Now I have to attempts links. Nanci has already realized I've botched and bungled the 'comments' section already or I'd have emailed by now screaming for help with the links....Little did she realize in the time it should have taken to merely add the comment verification I've already written this once, and created an entirely new blog....Ladies when I screw up I do it in brilliant colors! I had written in my usual sarcastic tone that this could be my last post but I'm starting to realize, damn, I'm persistent...Slow, thick and linear and I've no idea why anyone would even want to read this nonsense but I'm still going to put in out there cos it's fun.

Regardless, most of don't need to share most of the nonsense we write so why do we. Essentially, it's like a huge email to the world or even better. It's like the dollar bill you wrote on when you were a kid and (roll eyes) you so stupidly thought someday it would land back in your hands. Except it's a really huge dollar bill we never have to hand over to a cashier but we keep sending it out there.

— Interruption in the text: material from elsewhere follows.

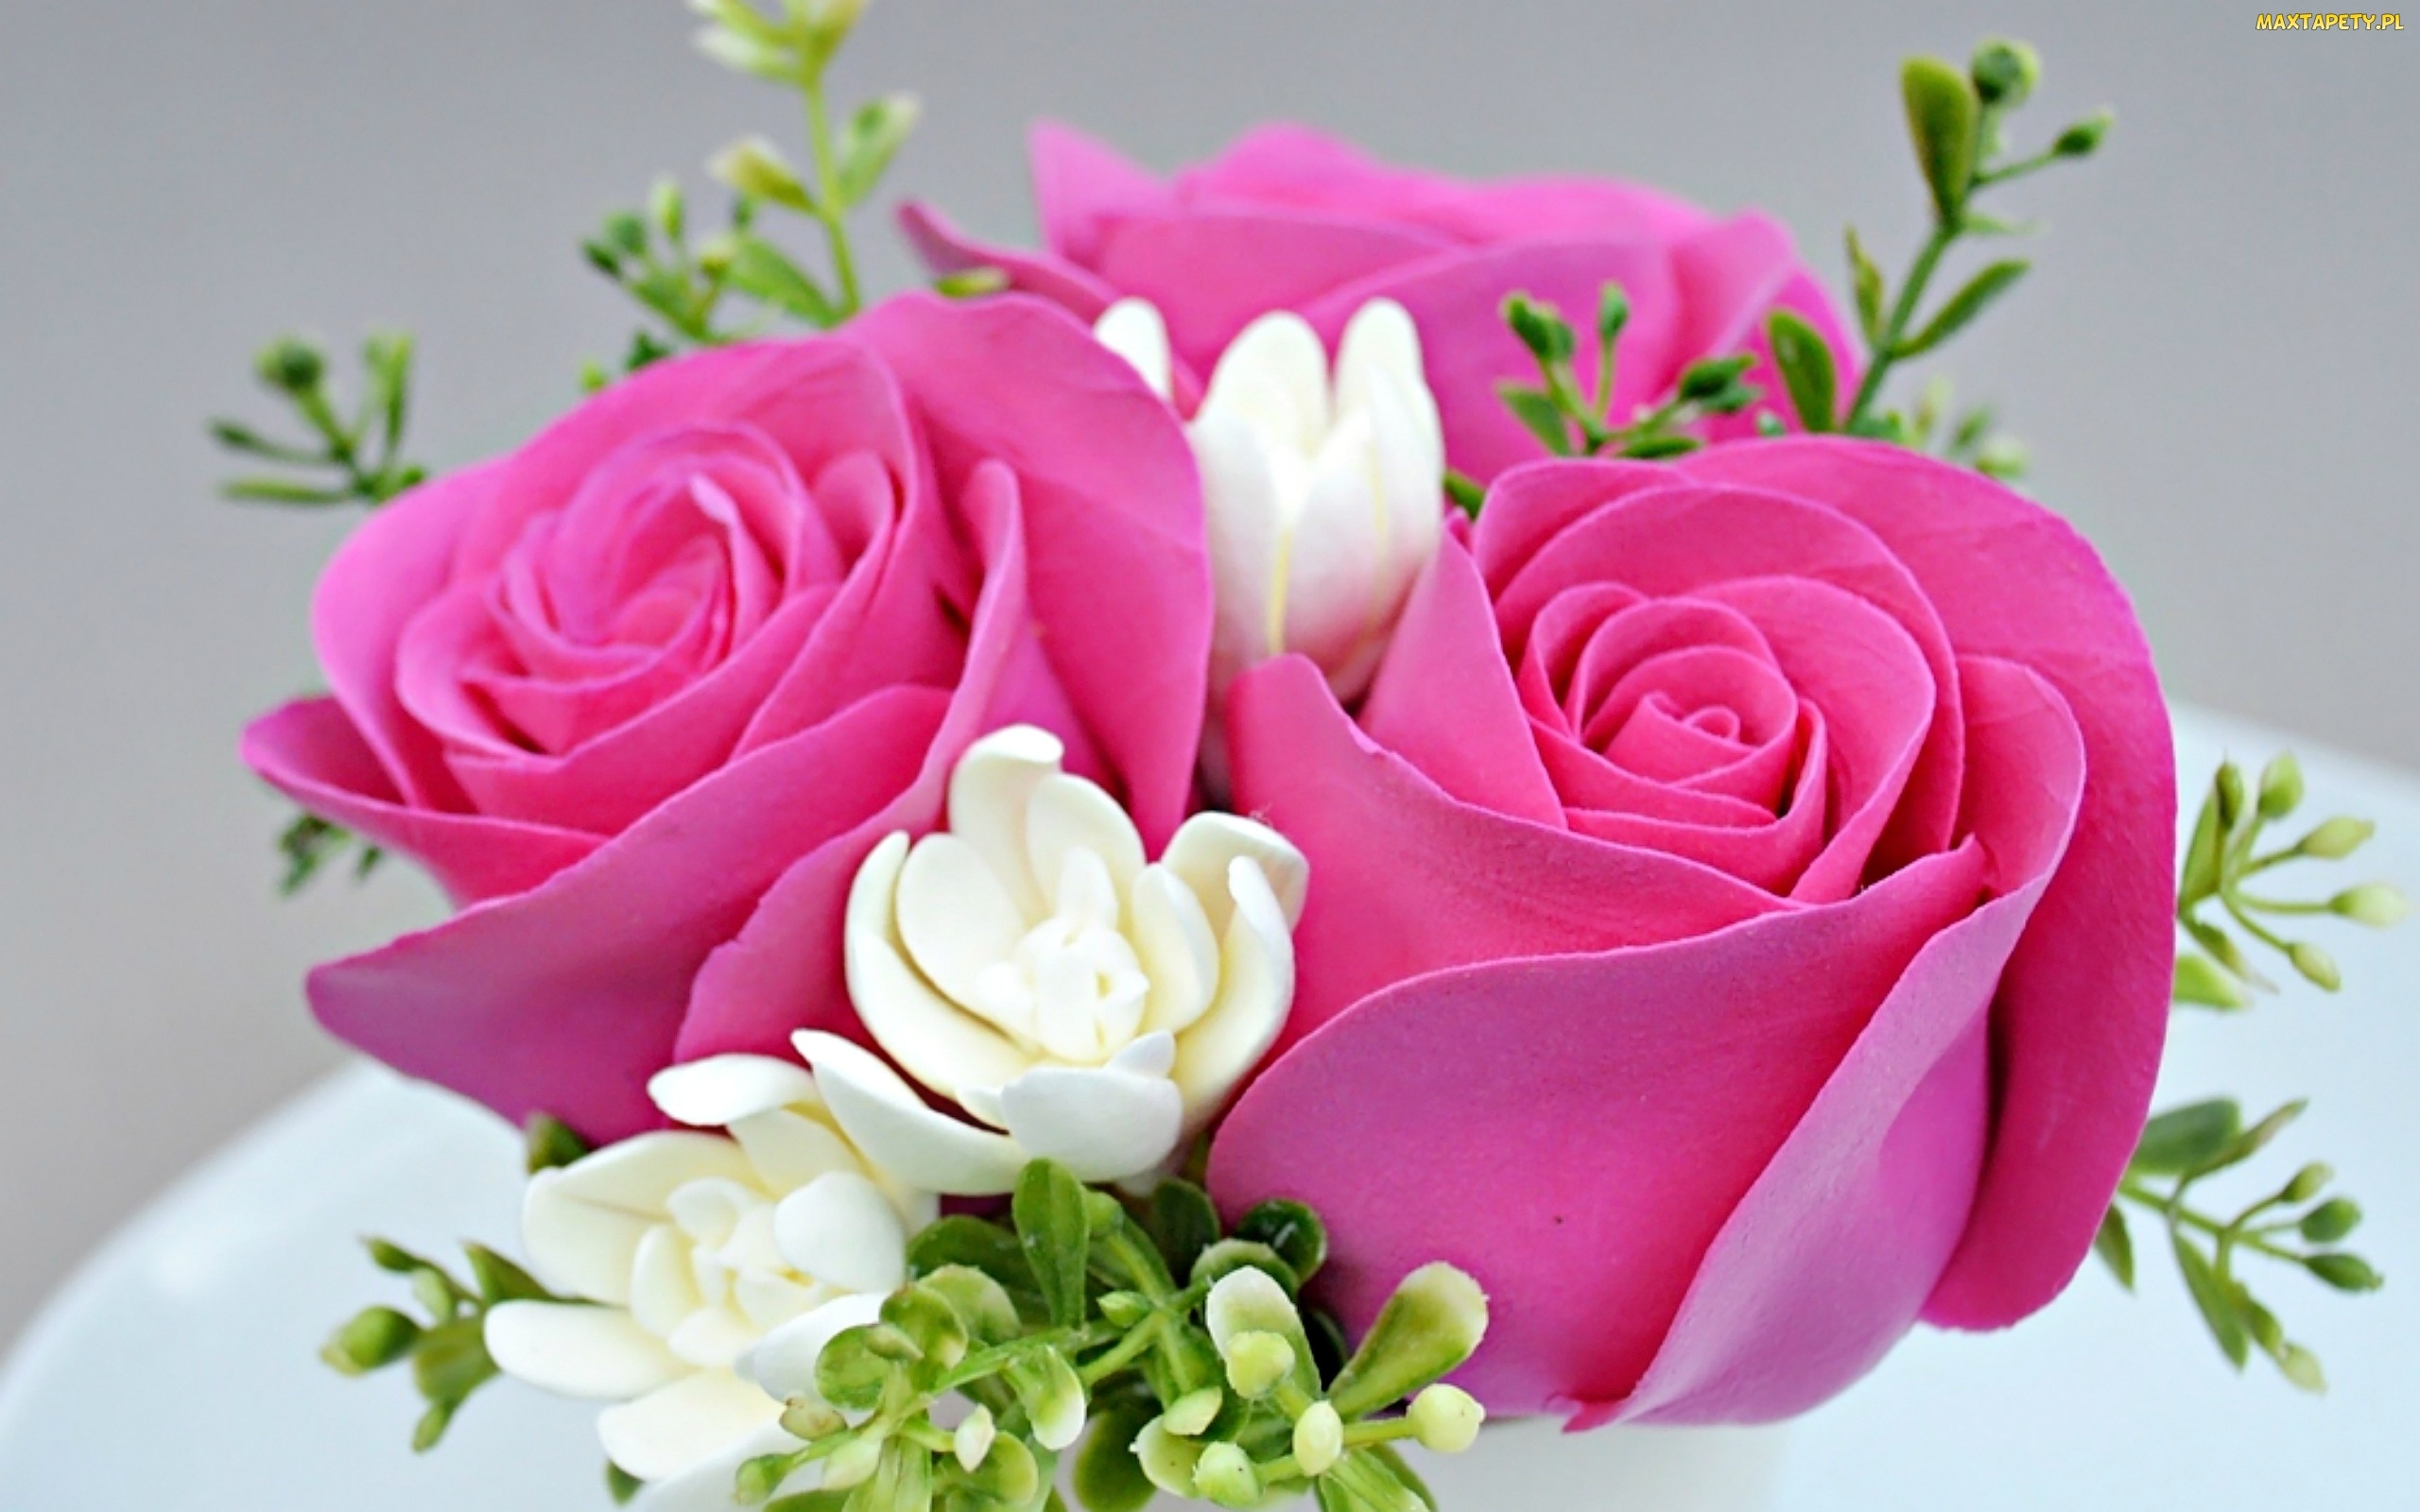 wallpaper roz,flower,flowering plant,pink,rose,garden roses

Funny, my first post on my 'other' blog was actually a rant and I hadn't meant to rant and now I'm rambling. I'm not sure which is more painful. Because I'm giggling like hell right now. I feel like I should be handing out dollar bills and I know Gillian (heavens...Gillian is going to be my blocmascot!) will be first in line.

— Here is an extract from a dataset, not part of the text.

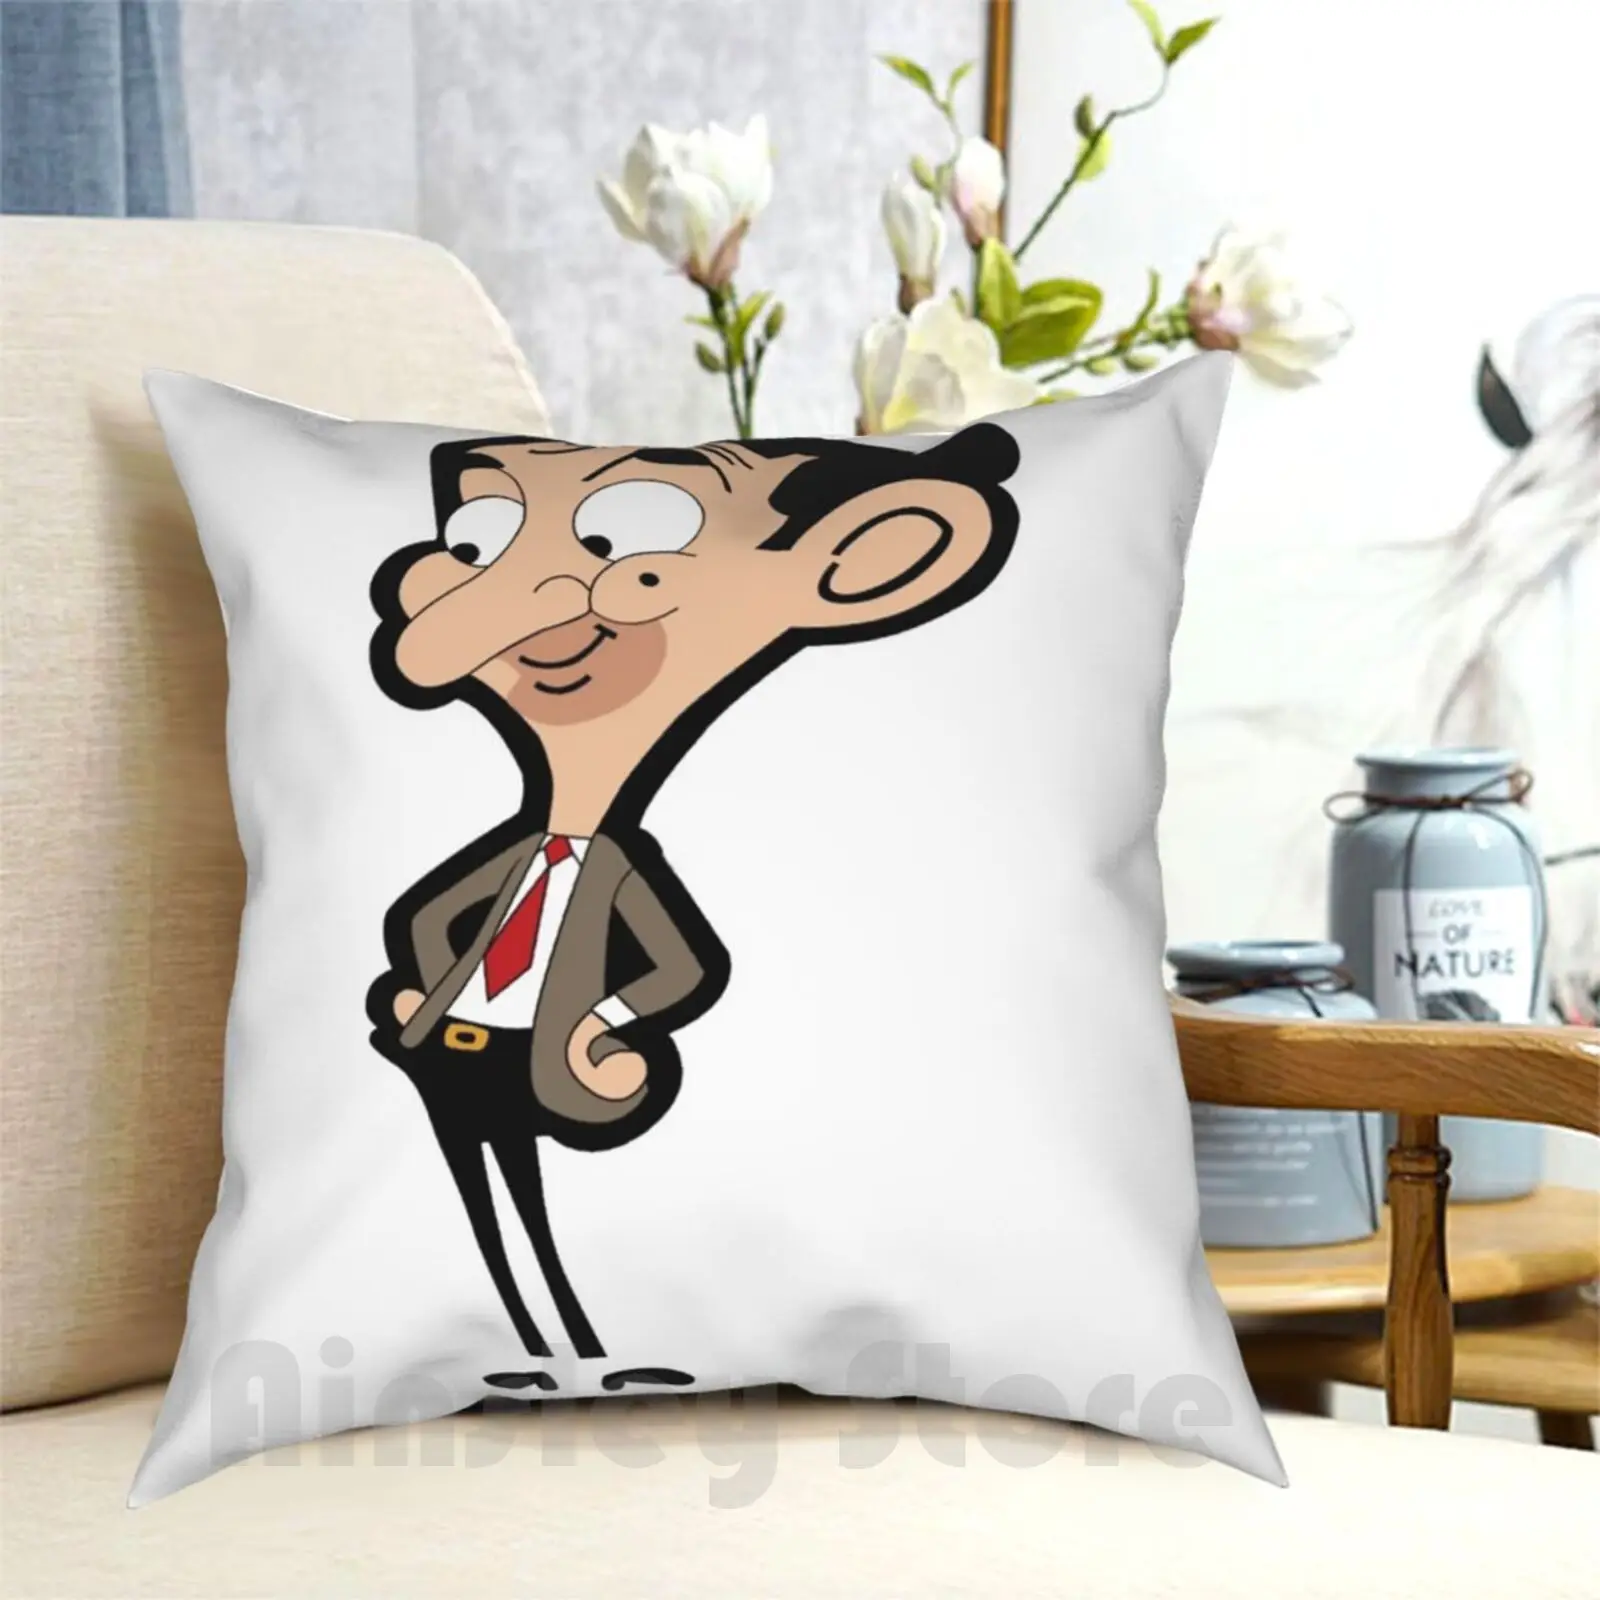 Mr.Bean Pillow Case Printed Home Soft Throw Pillow Mr Bean Bean Funny Comedy Rowan Atkinson Tv Fantastic Mr Fox Meme Wes

And I should be working on links, except I have a birthday party to plan. My oldest prince is turning 13. The party is for him (nice of him to let his brother attend) and four of his friends and they'll be doing manly/boy things like foosball, supersoakers, skateboards, scooters -- all of this is meant to terrify his father. Foosball is inside...New carpet in the playroom, O, My God...They'll be wet....Those wet feet will touch the carpet....He is going to freak out all (bleeping) day. This much is true. Me, I planned, I watched, I took the day off. I'm shrugging my shoulders....mud comes out sooo easily.
I have to leave soon. I have to go and buy kites as party favors. My son's goal here is to...an you have to love this....fly em high or get all five of them tangled in the trees. Another reason for his father to kill him. He will be dead by Sunday, Bloody, Sunday....and I don't think *the boys* had this melee' in mind when they were writing that song??? Nay, he never gets in trouble in school.
OK, off to...buy kites, do links????

Sunday, August 06, 2006

This bloc only serves as a function for my disjointed thoughts: so expect to be serenaded by thoughts on the books I've read, the people who've had an impact on my life, the fulfillment and excitement of my career, the sweet things in life no one takes the time to aknowlege and the sheer curiosity of life my children bring out in me.
I foresee myself seething about: the books I've read , public education, my job (regardless of how much I love it....it still can cause moments when I'm foaming at the mouth....O, I'm a dental hygienist, BTW), and the everyday small stuff that I do sweat...because the big stuff is much easier to handle!

I'm in my forties and I love it. I've two great boys. I've a husband...'nough said there, most of the time. I live in New England. I a-d-o-r-e England! I read. I'm hooked on Project Runway and American Idol. I still miss Sex and the City. Small English movies are wonders....Lord of the Rings ruled my life for years but must admit I'm a bit weary of it now....but the book...sigh, what a book.

So, now that you know me, won't be reading me...you can dismiss me and move on to the next blog!